En Sıcak Konular

Emre Aköz


Emre Aköz
0 0 0000

Maceracı olmayan apoletliler Balyoz davasından memnundur



Efendim askeriyenin "burasına" gelmiş de... Daha fazla üstlerine gelinirse, sokağa çıkacakmış da...
Bu tarz konuşmalar, vesayetçi propagandadan başka bir şey değil...
Ulusalcılar, Ergenekoncular, Balyozcular, darbe heveslileri, Silahlı Kuvvetler'in bir "bütün" olduğu sanısını yaymaya uğraşıyor. Sanki tüm apoletliler aynı fikirdeymiş gibi...


***

Halbuki farklı çıkarlar var orduda...
 Balyoz-Ergenekon soruşturma ve davalarının kendilerine kadar uzanmasından korkanların, Genelkurmay Başkanı Org.
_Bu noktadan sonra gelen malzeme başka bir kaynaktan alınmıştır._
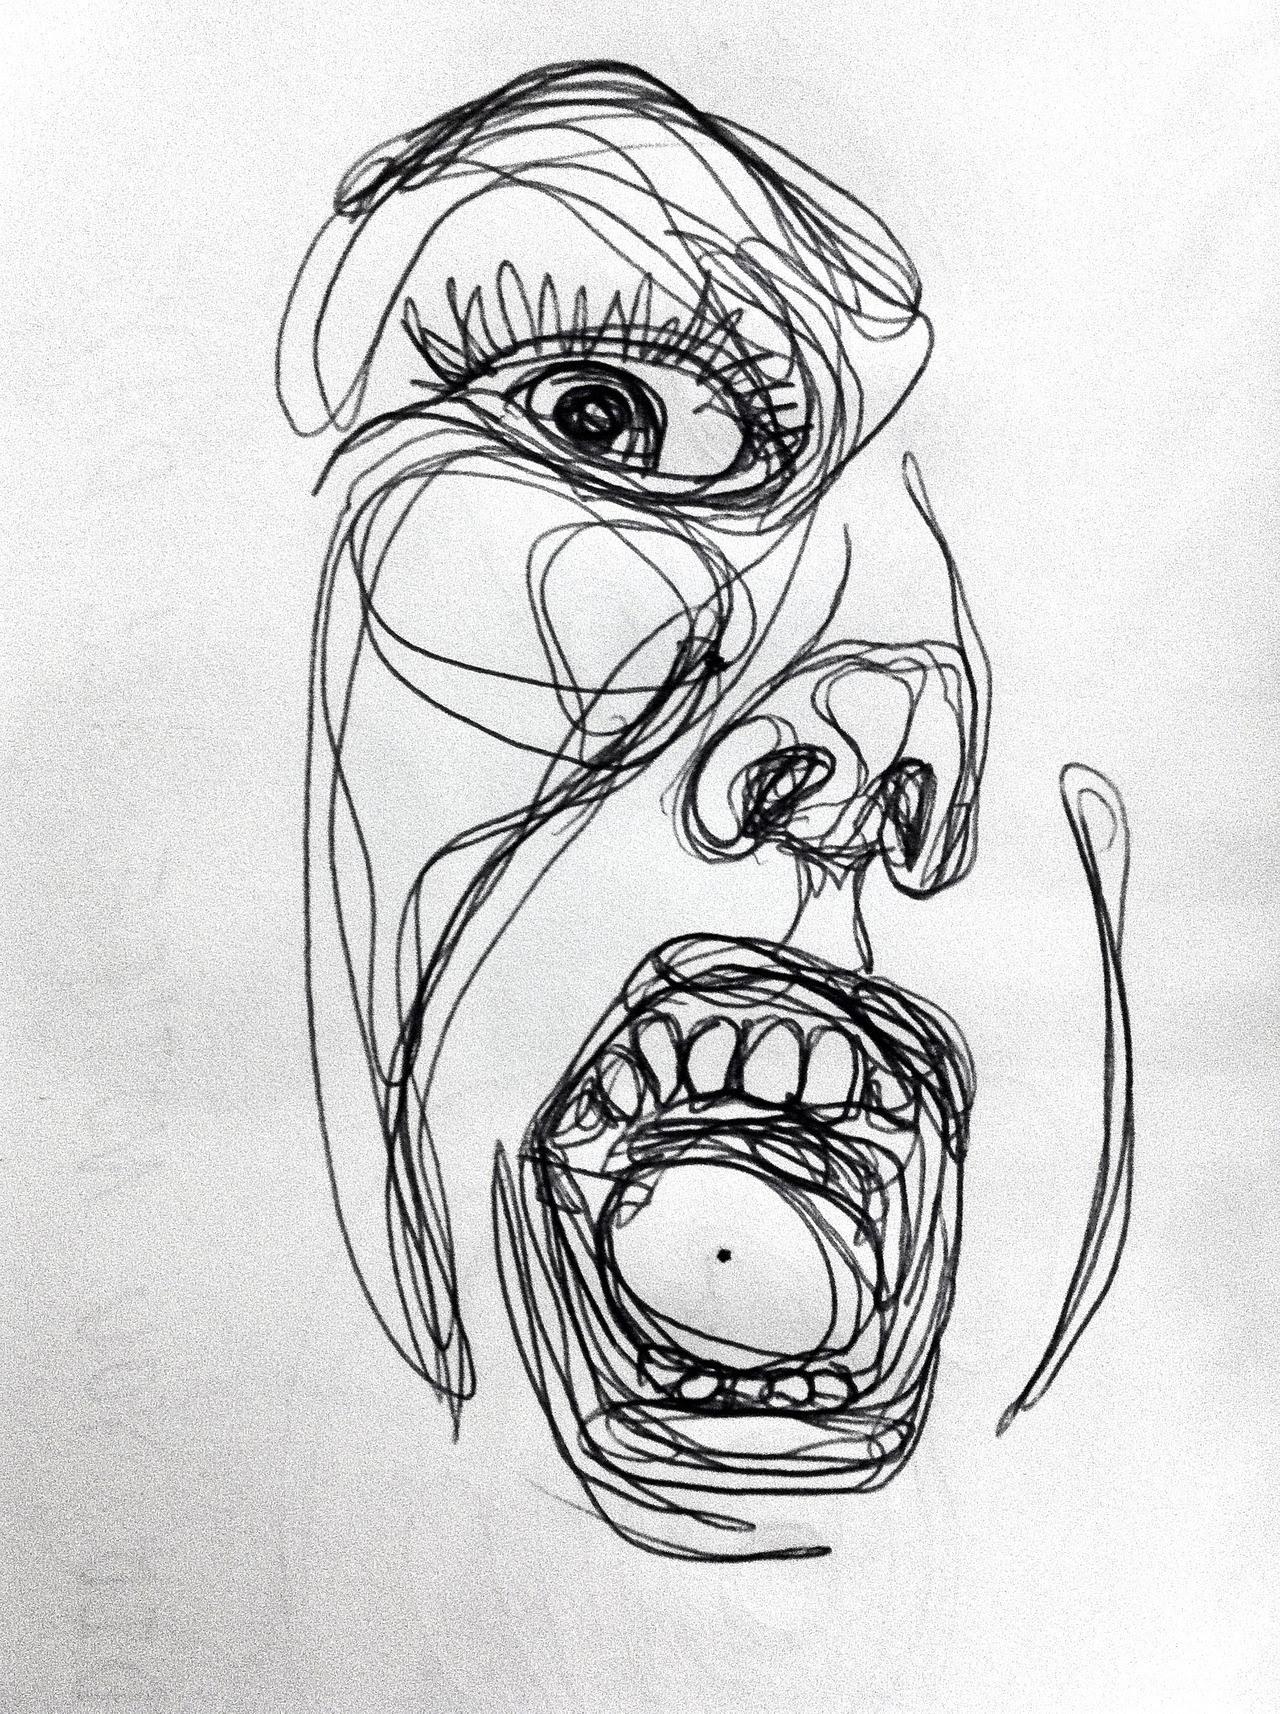 Trippy Pencil Drawings Tumblr

Işık Koşaner'e baskı yaptığı doğrudur.
 Bu davalara karışmış olanların aileleri ve samimi arkadaşları da Koşaner'e "harekete geçin" diyor.
 1942'den itibaren Silahlı Kuvvetler içinde her zaman darbe heveslileri oldu... Ulusalcılar, Baas kafalılar... Ebette bunlar da GK Başkanı'nı kışkırtmaya çalışıyor.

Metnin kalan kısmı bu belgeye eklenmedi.